Comment 23 Commit Notification 2024-09-07 16:28:07 UTC
Xisco Fauli committed a patch related to this issue.
It has been pushed to "libreoffice-24-8":

https://git.libreoffice.org/core/commit/68da28d3c68a6c5800bb2163b4514e7fce83c71b

tdf#162822: Revert "tdf#152336 Detect charset... (24.8 only)

It will be available in 24.8.2.

The patch should be included in the daily builds available at
https://dev-builds.libreoffice.org/daily/ in the next 24-48 hours. More
information about daily builds can be found at:
https://wiki.documentfoundation.org/Testing_Daily_Builds

Affected users are encouraged to test the fix and report feedback.
Comment 24 Eyal Rozenberg 2024-09-07 20:48:54 UTC
(In reply to Mike Kaganski from comment #22)
> This phrase is unclear. What "selections" is meant

I meant, in the dialog about the formatting choices for my chosen file format / for "Export Text File".

> and what "existing
> format" is - specifically, in case of CSV with the import filter configured
> to accept *several* separators?

That's a good point. Actually, maybe I need to partially take back my earlier comment #21. I mean, whether it's a CSV or a TSV, it's still supposed to be a one-separator format. Does it really make sense to try to recreate a weird non-format in the file you're editing?

You said:
> Most people who use Calc to edit CSVs will need Calc to retain the 
> original file's structure

With multiple separators, I don't think that's possible even with the best of intentions... I mean, suppose my input separators were:

comma tab comma tab comma tab

and in my editing, I delete the second and fourth columns. What separators would we now use: 

comma comma comma tab

or maybe

comma tab comma tab

? How can we even know?

I actually doubt that people would want us to recreate a file "structure" involving multiple separators.
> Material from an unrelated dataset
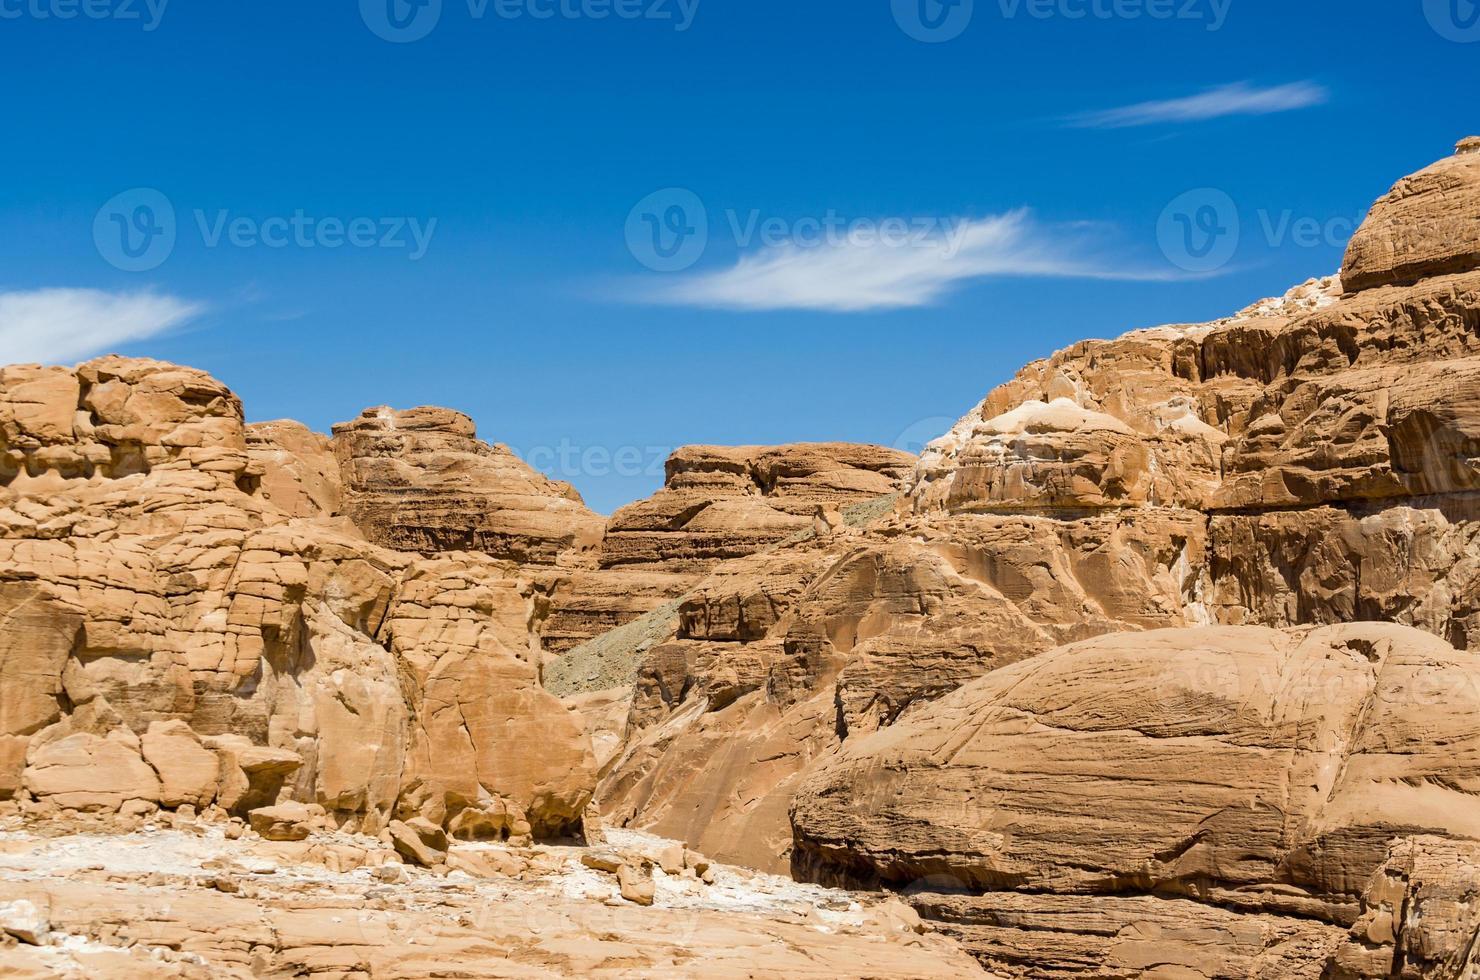 blauwe hemel over rotsachtige bergen foto

> especially taking into account, that all "specs" in CSV are application-
> specific 

They're still specs with a single separator. And even if there are differences - what are they? string quoting?
Comment 25 Mike Kaganski 2024-09-07 22:13:08 UTC
(In reply to Eyal Rozenberg from comment #24)

At this point, please re=read comment 0.
Comment 26 Commit Notification 2024-09-09 10:01:35 UTC
Xisco Fauli committed a patch related to this issue.
It has been pushed to "libreoffice-24-8-1":

https://git.libreoffice.org/core/commit/724253c916db0517733181529e3f652aaf8f6890

tdf#162822: Revert "tdf#152336 Detect charset... (24.8 only)

It will be available in 24.8.1.

The patch should be included in the daily builds available at
https://dev-builds.libreoffice.org/daily/ in the next 24-48 hours. More
information about daily builds can be found at:
https://wiki.documentfoundation.org/Testing_Daily_Builds

Affected users are encouraged to test the fix and report feedback.